Most of the books that I have worked on have been narrative non-fiction. I’m starting to do more work with fiction now and it is a lot of fun. One genre I never really expected to be representing is photography books. But I have said many times before that my life as an agent is full of surprises.
This week, Bloomsbury USA published Dogs Make Us Human: A Global Family Album with text by Jeffrey Masson and photographs by Art Wolfe. It is a gorgeous photographic book filled with pictures of dogs and their human companions in work and play throughout the world. We wanted to avoid the usually cutesy-wutsy doggie pictures. There are enough of those kinds of books already. So we used as our inspiration the classic and enduring photographic book, The Family of Man by Edward Steichen. We wanted to do a kind of “family of man and dog”. After all, Jeff Masson has been saying for years that the bond between dogs and humans is unique, the only love bond that is truly cross-species. And it appears to be a bond that is universal to the human experience worldwide.

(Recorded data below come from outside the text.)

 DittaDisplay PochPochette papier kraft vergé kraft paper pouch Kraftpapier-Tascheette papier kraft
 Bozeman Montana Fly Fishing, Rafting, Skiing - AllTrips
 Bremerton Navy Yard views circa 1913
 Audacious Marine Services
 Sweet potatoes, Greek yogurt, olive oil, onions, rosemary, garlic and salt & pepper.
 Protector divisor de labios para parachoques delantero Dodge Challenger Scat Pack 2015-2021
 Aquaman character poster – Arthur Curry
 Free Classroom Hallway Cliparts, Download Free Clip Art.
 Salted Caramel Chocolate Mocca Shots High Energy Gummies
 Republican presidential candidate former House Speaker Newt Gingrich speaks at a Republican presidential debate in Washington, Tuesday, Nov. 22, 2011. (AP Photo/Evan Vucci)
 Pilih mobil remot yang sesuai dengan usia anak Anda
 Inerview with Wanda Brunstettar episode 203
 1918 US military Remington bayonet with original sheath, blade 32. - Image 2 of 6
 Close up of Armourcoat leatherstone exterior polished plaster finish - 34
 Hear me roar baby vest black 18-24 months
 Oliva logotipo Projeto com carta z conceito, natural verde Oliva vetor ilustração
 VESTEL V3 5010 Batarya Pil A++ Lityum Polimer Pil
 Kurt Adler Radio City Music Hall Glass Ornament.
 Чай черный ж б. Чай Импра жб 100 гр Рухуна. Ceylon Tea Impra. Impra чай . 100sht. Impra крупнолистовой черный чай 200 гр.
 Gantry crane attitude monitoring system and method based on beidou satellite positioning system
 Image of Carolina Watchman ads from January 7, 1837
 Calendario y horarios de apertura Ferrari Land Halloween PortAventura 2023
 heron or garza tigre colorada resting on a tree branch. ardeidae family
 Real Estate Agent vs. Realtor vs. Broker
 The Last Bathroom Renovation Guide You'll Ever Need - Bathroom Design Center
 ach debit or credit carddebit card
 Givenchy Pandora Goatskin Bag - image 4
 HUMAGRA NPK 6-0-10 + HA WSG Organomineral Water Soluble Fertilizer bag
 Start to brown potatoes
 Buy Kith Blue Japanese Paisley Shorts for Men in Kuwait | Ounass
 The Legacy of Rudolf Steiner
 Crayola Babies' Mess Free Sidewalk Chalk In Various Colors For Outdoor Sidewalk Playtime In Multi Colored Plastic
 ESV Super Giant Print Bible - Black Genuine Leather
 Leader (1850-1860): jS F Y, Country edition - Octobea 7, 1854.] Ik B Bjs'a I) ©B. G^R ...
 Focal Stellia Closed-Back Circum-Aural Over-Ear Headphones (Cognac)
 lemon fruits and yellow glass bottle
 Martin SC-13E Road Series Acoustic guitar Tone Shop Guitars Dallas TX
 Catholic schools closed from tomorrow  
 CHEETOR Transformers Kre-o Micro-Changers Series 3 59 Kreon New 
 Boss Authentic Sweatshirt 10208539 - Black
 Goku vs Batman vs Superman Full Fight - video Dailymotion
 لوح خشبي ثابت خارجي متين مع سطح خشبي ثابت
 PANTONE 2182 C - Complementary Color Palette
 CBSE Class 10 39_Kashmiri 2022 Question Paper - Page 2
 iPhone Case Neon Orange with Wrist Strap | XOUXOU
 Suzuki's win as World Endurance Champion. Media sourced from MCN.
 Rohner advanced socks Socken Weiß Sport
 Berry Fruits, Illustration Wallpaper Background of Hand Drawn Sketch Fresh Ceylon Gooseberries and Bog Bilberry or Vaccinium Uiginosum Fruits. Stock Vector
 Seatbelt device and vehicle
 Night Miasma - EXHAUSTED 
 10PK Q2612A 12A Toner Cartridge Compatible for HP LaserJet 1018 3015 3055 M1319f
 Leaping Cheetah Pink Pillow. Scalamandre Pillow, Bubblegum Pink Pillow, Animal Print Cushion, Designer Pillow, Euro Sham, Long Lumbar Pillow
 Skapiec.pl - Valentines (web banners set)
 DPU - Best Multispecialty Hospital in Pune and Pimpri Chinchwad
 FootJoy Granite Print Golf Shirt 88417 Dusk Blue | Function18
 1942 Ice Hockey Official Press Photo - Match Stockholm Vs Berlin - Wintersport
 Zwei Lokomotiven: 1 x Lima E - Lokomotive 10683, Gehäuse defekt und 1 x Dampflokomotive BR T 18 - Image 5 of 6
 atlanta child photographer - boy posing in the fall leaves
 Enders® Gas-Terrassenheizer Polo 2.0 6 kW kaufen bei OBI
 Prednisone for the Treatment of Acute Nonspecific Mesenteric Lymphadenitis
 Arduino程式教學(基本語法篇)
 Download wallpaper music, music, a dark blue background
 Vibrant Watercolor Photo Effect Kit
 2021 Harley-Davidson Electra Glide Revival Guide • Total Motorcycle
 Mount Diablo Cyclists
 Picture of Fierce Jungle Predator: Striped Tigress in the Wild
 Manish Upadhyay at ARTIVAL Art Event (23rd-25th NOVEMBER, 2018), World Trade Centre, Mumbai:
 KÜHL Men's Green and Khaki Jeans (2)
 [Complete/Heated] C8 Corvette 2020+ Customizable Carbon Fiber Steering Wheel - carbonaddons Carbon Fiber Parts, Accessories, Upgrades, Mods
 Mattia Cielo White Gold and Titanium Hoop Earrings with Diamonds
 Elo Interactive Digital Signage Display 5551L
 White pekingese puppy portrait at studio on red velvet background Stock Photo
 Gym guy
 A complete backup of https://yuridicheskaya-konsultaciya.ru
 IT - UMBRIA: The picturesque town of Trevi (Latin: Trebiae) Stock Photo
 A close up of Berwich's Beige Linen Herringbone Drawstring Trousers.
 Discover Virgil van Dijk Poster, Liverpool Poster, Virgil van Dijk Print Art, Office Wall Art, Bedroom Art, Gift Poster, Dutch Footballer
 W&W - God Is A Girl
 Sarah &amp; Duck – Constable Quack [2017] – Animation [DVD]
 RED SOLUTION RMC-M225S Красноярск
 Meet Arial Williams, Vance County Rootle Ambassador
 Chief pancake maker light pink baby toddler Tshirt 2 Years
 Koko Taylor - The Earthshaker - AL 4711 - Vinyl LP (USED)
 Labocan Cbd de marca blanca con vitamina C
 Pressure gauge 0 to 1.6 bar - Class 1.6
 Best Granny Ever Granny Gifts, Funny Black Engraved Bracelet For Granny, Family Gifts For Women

Art Wolfe is one of the world’s great wildlife photographers. He has worked on every continent. He has done numerous spreads in National Geographic. He has been photographing dogs for years and his work has finally found a home in this book. You see dogs with Asian boat people, dogs with children in African villages, dogs herding sheep in New Zealand. Oh, and my favorite. A stone age Yanomami warrior and his dog, both dressed up in war paint.